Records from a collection
------------------------

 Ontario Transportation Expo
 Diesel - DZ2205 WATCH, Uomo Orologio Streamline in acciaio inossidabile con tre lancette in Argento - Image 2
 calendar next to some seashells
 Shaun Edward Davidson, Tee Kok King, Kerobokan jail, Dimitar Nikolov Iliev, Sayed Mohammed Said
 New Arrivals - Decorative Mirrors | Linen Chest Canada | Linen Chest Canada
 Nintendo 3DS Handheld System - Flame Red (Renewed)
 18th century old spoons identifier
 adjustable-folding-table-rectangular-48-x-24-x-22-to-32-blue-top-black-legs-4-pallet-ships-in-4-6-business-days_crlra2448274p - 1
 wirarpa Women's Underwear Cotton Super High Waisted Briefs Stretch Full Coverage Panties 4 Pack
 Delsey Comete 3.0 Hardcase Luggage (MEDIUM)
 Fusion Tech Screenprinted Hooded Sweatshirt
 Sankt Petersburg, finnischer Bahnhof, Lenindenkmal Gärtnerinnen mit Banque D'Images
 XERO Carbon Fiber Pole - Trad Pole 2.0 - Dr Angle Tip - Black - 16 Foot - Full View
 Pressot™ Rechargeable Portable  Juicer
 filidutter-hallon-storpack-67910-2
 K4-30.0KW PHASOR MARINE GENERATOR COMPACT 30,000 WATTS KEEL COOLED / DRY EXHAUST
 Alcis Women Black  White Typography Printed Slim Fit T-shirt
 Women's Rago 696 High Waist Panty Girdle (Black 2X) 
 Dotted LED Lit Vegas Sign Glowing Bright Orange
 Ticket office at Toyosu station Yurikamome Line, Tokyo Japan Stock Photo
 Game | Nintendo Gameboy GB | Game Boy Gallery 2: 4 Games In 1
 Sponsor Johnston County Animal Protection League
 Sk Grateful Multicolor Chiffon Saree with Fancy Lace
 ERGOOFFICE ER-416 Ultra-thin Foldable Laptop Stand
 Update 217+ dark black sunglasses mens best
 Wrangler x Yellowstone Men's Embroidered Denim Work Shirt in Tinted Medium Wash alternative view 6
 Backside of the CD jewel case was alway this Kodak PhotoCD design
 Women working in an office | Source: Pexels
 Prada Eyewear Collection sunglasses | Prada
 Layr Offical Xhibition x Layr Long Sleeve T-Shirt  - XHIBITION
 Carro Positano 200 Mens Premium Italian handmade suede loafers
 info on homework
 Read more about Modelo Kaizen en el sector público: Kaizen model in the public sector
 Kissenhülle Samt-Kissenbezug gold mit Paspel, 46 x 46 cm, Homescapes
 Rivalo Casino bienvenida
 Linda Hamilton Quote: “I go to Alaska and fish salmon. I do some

------------------------

▶ [Exercise aim]
The line above containing "XERO Carbon Fiber", the line containing "info on homework", and every line between them are to be transcribed exactly; no other line is wanted.

▶ [Your solution]
 XERO Carbon Fiber Pole - Trad Pole 2.0 - Dr Angle Tip - Black - 16 Foot - Full View
 Pressot™ Rechargeable Portable  Juicer
 filidutter-hallon-storpack-67910-2
 K4-30.0KW PHASOR MARINE GENERATOR COMPACT 30,000 WATTS KEEL COOLED / DRY EXHAUST
 Alcis Women Black  White Typography Printed Slim Fit T-shirt
 Women's Rago 696 High Waist Panty Girdle (Black 2X) 
 Dotted LED Lit Vegas Sign Glowing Bright Orange
 Ticket office at Toyosu station Yurikamome Line, Tokyo Japan Stock Photo
 Game | Nintendo Gameboy GB | Game Boy Gallery 2: 4 Games In 1
 Sponsor Johnston County Animal Protection League
 Sk Grateful Multicolor Chiffon Saree with Fancy Lace
 ERGOOFFICE ER-416 Ultra-thin Foldable Laptop Stand
 Update 217+ dark black sunglasses mens best
 Wrangler x Yellowstone Men's Embroidered Denim Work Shirt in Tinted Medium Wash alternative view 6
 Backside of the CD jewel case was alway this Kodak PhotoCD design
 Women working in an office | Source: Pexels
 Prada Eyewear Collection sunglasses | Prada
 Layr Offical Xhibition x Layr Long Sleeve T-Shirt  - XHIBITION
 Carro Positano 200 Mens Premium Italian handmade suede loafers
 info on homework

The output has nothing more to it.